To build an HNSW index, the syntax is straightforward:

sql

CREATE INDEX ON documents
USING hnsw (embedding vector_l2_ops)
WITH (m = 32, ef_construction = 128);

This command initiates the index build, a process that can be resource-intensive and time-consuming. The crucial part is the WITH clause, which contains the build-time tuning parameters.

Mastering the Tuning Knobs: `m`, `ef_construction`, and `ef_search`

The performance of your HNSW index is almost entirely dictated by three parameters. Understanding their interplay is non-negotiable for production success.

1. `m`: The Connectivity of the Graph

What it is: m defines the maximum number of bidirectional connections (edges) each node can have within a single layer of the graph. It directly controls the density of the graph.

The Trade-off:

- Low m (e.g., 8-12): Creates a sparse graph. This results in a smaller index size in memory and faster index build times. However, the search path might not be optimal, potentially leading to lower recall (the search gets stuck in a local minimum and misses the true nearest neighbors).

- High m (e.g., 32-64): Creates a dense graph with many redundant paths. This significantly increases the probability of finding the optimal route to the true nearest neighbors, improving recall. The costs are a larger memory footprint, longer build times, and slightly higher query latency as more paths are explored.

Production Guidance: A common starting point for m is between 16 and 32. For applications where recall is paramount and you can afford the memory, values up to 64 are reasonable. Values below 8 are rarely effective, and values above 96 often provide diminishing returns for a significant cost.

2. `ef_construction`: The Quality of the Index Build

What it is: ef_construction (effective construction) controls the quality of the graph being built. When adding a new node to the graph, the algorithm searches for its m nearest neighbors to connect to. ef_construction defines the size of the dynamic candidate list used during this search. A larger list means a more thorough search for neighbors, resulting in a higher-quality, more accurate graph.

The Trade-off:

- Low ef_construction (e.g., 64): Leads to a much faster index build. The resulting graph may be suboptimal, which can negatively impact query-time recall. The search might find "good enough" neighbors during the build, but not the absolute best ones.

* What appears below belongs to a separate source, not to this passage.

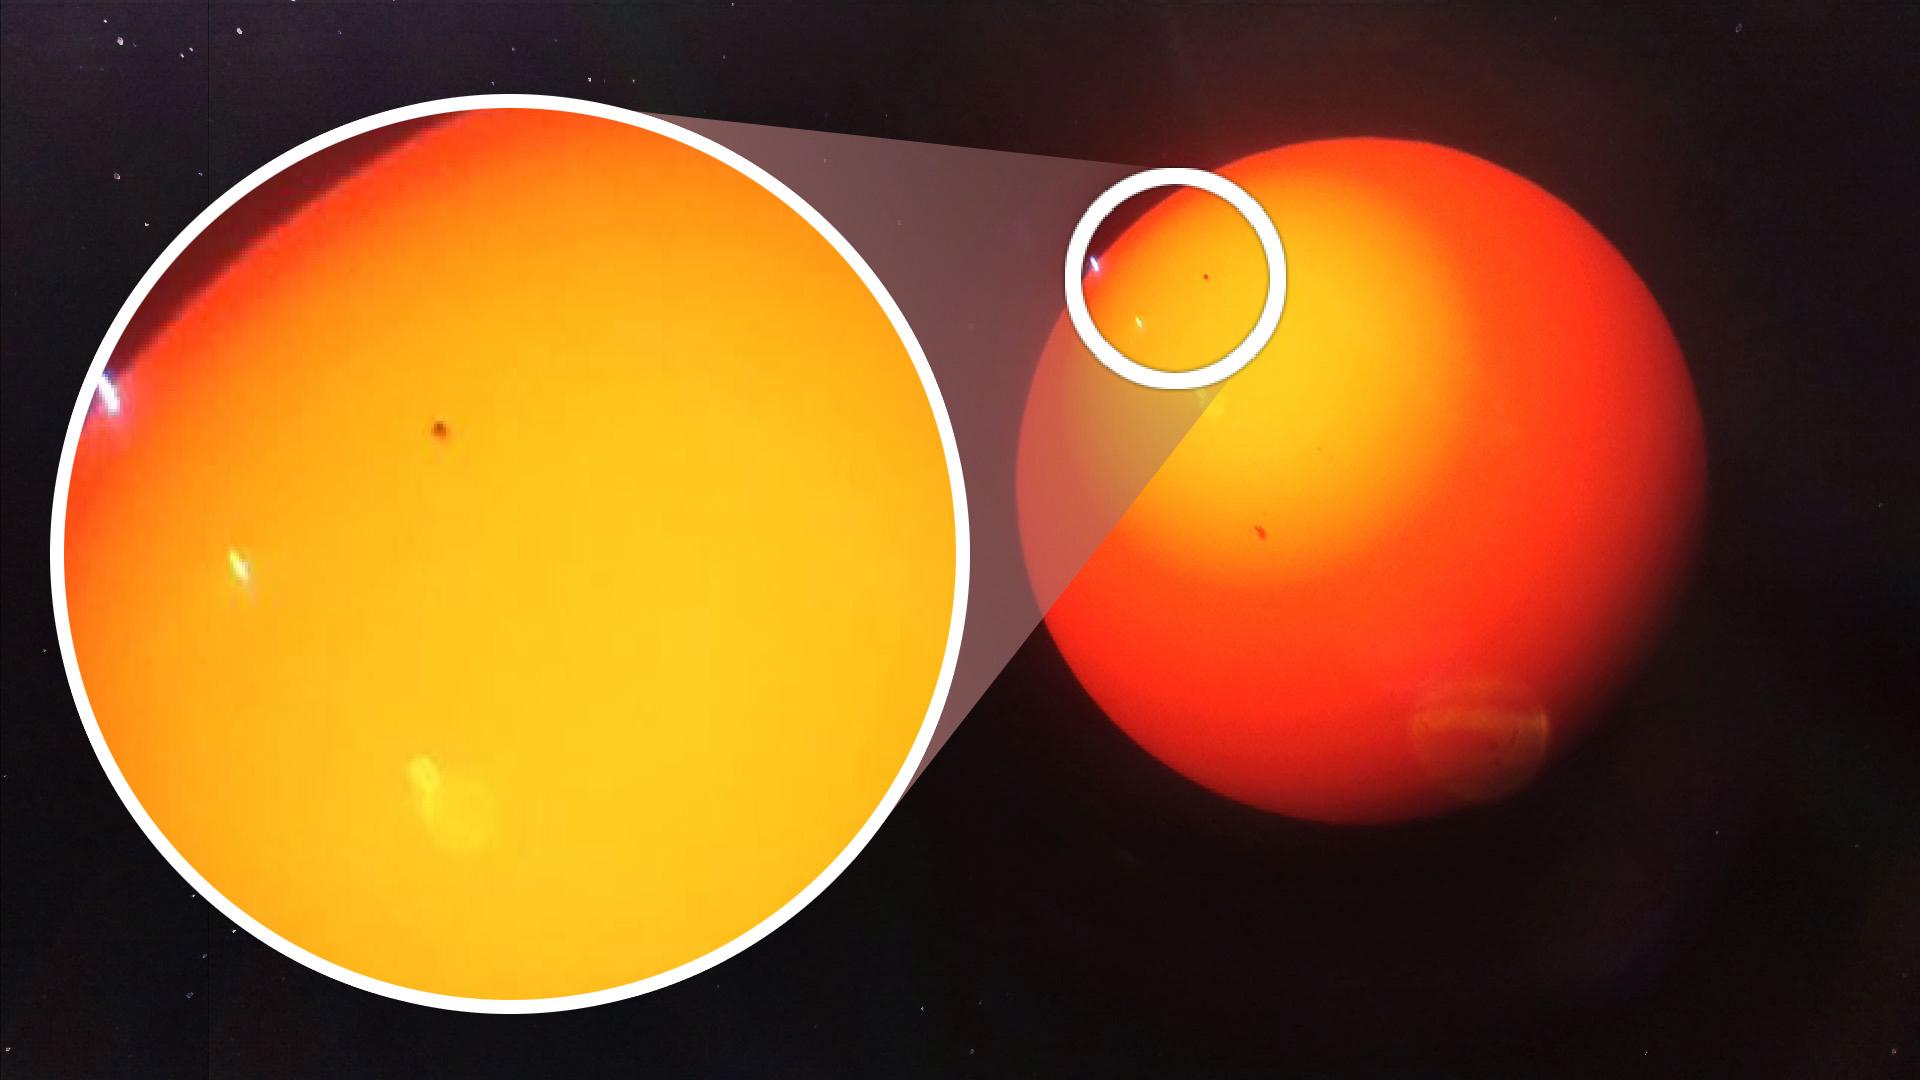 Mercurius schuift voor de zon vanmiddag te zien bij sterrenwacht in nijverdal - Doek voor de zon ...

- High ef_construction (e.g., 256-512): Significantly increases index build time. However, it produces a superior graph structure where nodes are connected to their true nearest neighbors. This investment at build time pays dividends at query time, enabling higher recall for a given query speed.

Production Guidance: The quality of your index is foundational. Skimping on ef_construction is often a false economy. A robust starting point is to set ef_construction to at least 4 m. For high-recall applications, values of 8 m or even higher are common. For a typical m = 32, an ef_construction of 128 to 256 is a solid choice.

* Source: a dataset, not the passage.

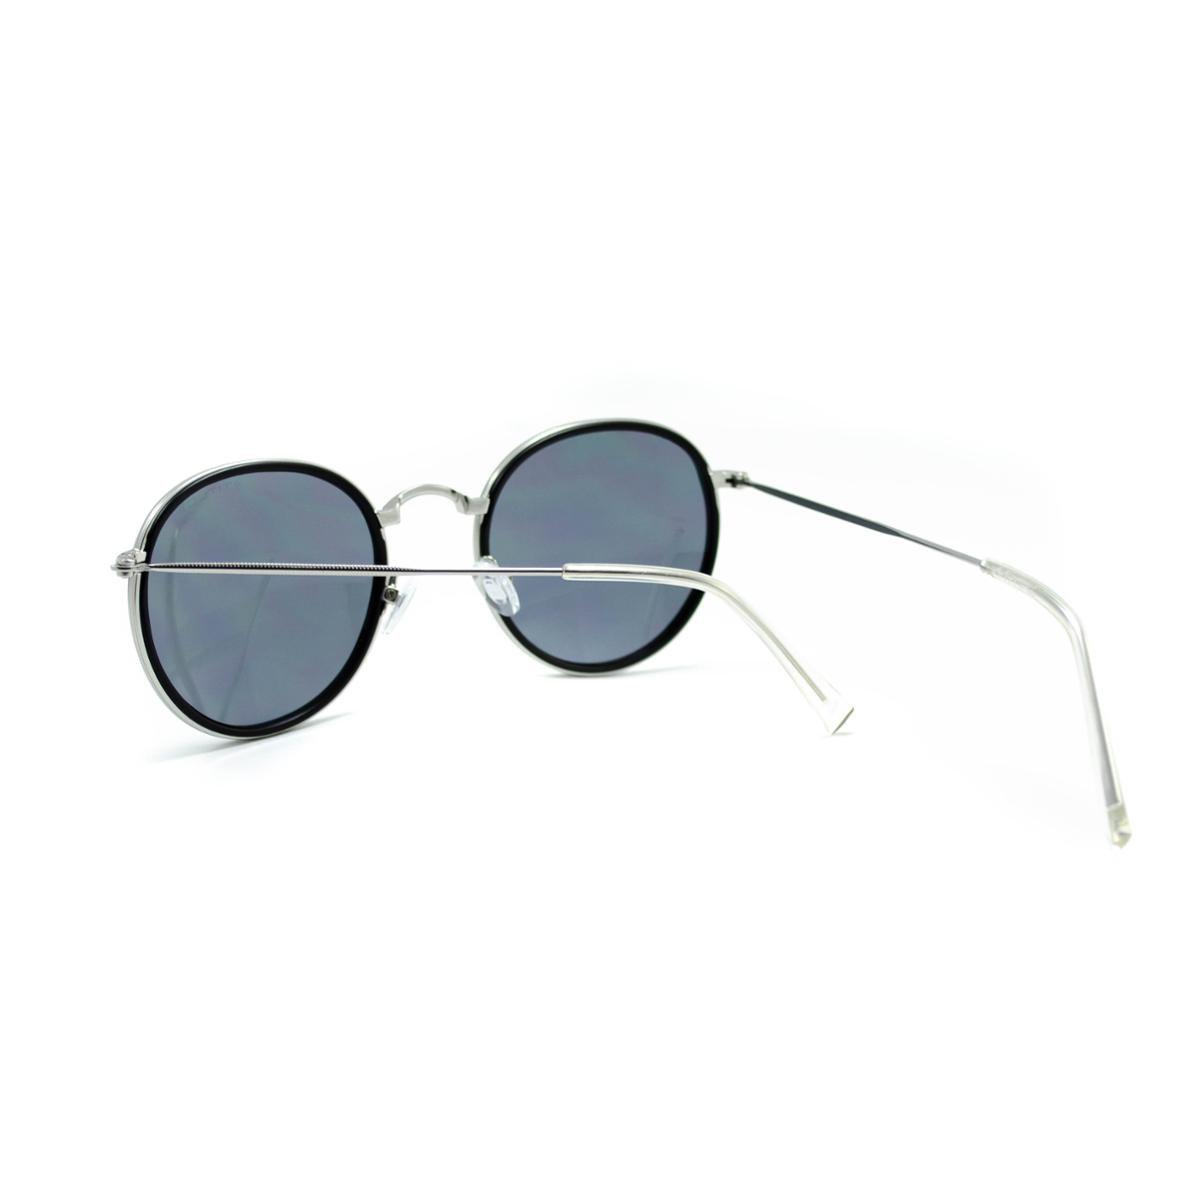 1da7f1c177234 Óculos de Sol Atitude - AT3192 04B - Preto e Prata - Compre Agora ...

3. `ef_search`: The Speed vs. Accuracy Knob at Query Time

What it is: ef_search is the query-time equivalent of ef_construction. It determines the size of the dynamic candidate list used during the search for a query vector. It is arguably the most important parameter for balancing latency and recall.

The Trade-off:

- Low ef_search (e.g., 40): The search is very fast because the candidate list at each step is small. The query latency will be very low. However, the risk of terminating the search prematurely in a suboptimal part of the graph is high, leading to lower recall.

- High ef_search (e.g., 200): The search is more exhaustive, exploring a larger set of candidates at each step. This dramatically increases the probability of finding the true nearest neighbors (higher recall) but comes at the cost of higher query latency.

Production Guidance: Unlike m and ef_construction, ef_search is not set at index creation. It's a runtime parameter configured per-session or per-transaction, giving you dynamic control.

sql

-- Set ef_search for the current transaction
BEGIN;
SET LOCAL hnsw.ef_search = 100;
SELECT id FROM documents ORDER BY embedding <-> '[...]' LIMIT 10;
COMMIT;

This dynamic nature is incredibly powerful. You can have a high-quality base index (high m and ef_construction) and then adjust ef_search based on application needs. For an interactive user-facing search, you might use a lower ef_search (e.g., 50) for P99 latency under 50ms. For an offline batch processing job where accuracy is paramount, you can crank it up to 200 or more.

A good starting point for ef_search is slightly larger than the number of results you want (k). If you need LIMIT 10, start testing with ef_search around 40-50 and increase it until your recall metric is met within your latency budget.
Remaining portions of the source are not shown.